Shakespeare’s language isn’t mostly that difficult to understand in 2008. Look at this translation into contemporary English of the beginning of Hamlet:

http://nfs.sparknotes.com/hamlet/page_6.epl

This scene isn’t that difficult to understand. Yes, there are scenes that are more difficult to understand in Shakespeare, but they are ones where Shakespeare was trying to be poetic. In some sense, they were supposed to be difficult.

So what has to happen in the next three hundred years is that someone will have to write a translation of Shakespeare’s plays into contemporary English (of the year when the translation is made). Will it be difficult to write such a tranlation that will be anywhere near in literary quality to the plays themselves? Of course it will. That just makes it more of a challenge for a great translator. It’s the same for any translator who has translated Shakespeare into any contemporary foreign language. The translations did not get all of the literary qualities of Shakespeare, but they did get some of them. The complaints that someone will be unable to read a given great author in his original language are pretty silly.
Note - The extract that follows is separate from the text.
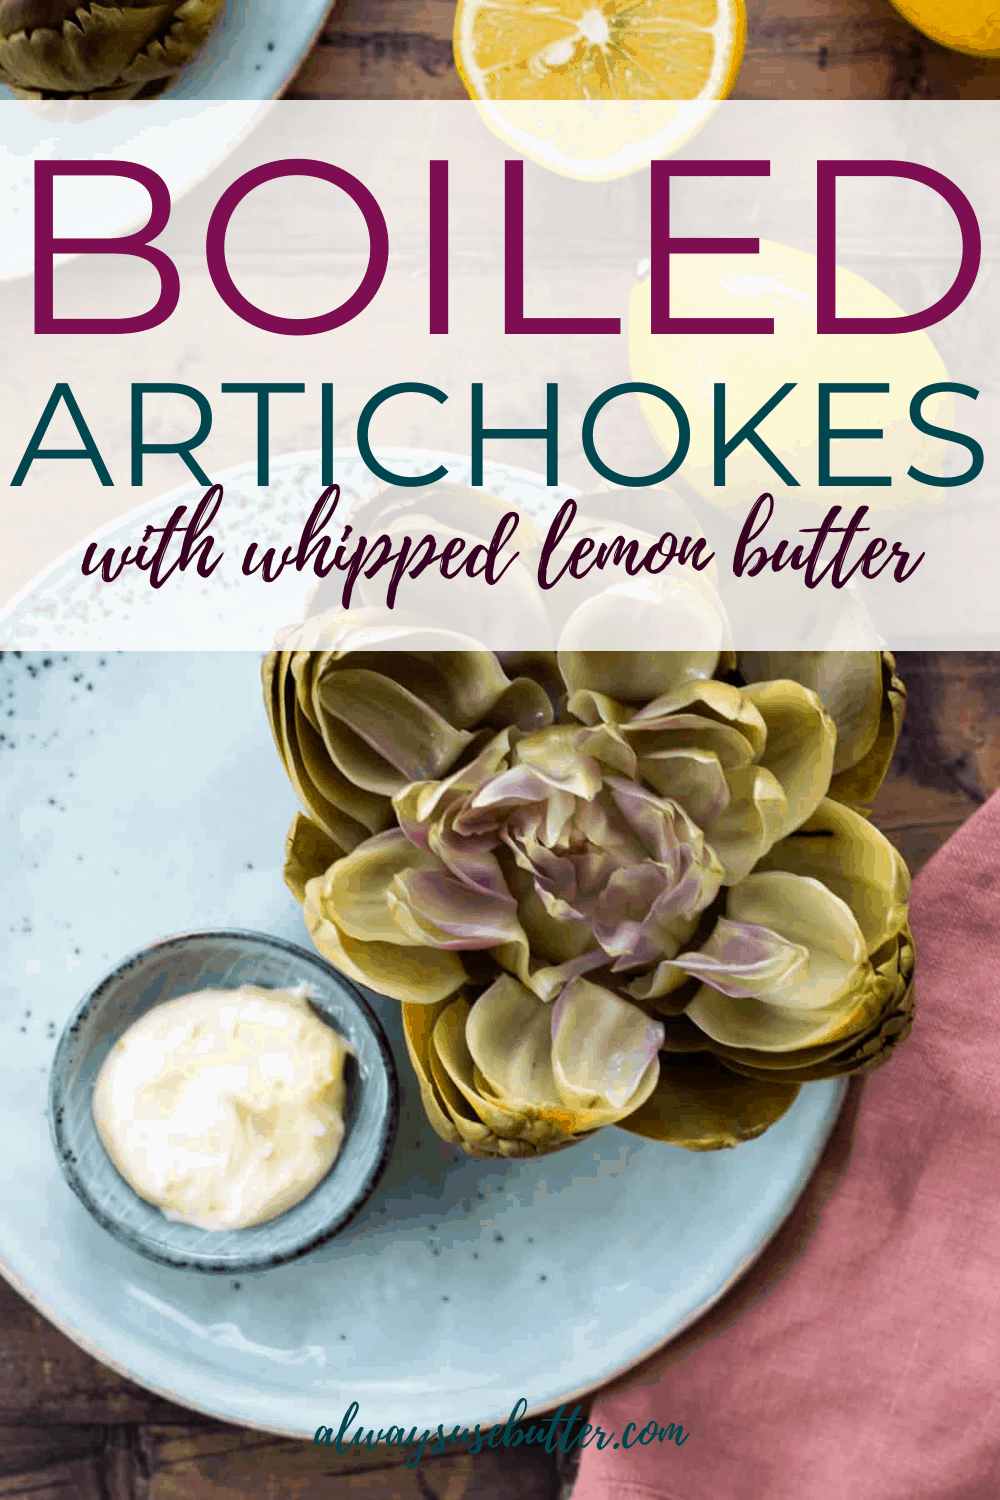 Boiled Artichokes with Whipped Lemon Butter

It’s true for everybody that they are only able to read in the original language works written in their native language(s) within the past (approximately) eight hundred years (unless they spend a long time learning the language). You can’t read every piece of literature written over all of recorded history in its original language. Get over it. You have to settle for translations of it.

Of course this translation into contemporary English in the future won’t be as great as Shakespeare’s plays themselves. Of course some people will continue to read the plays in Shakespeare’s language (with some training), just as some people today continue to read the works of Chaucer (with some training). English speakers of, say, the year 2500 will be in the same situation as speakers of contempory foreign languages. They will have to appreciate Shakespeare in translation unless they get extensive training in the English of Shakespeare’s time).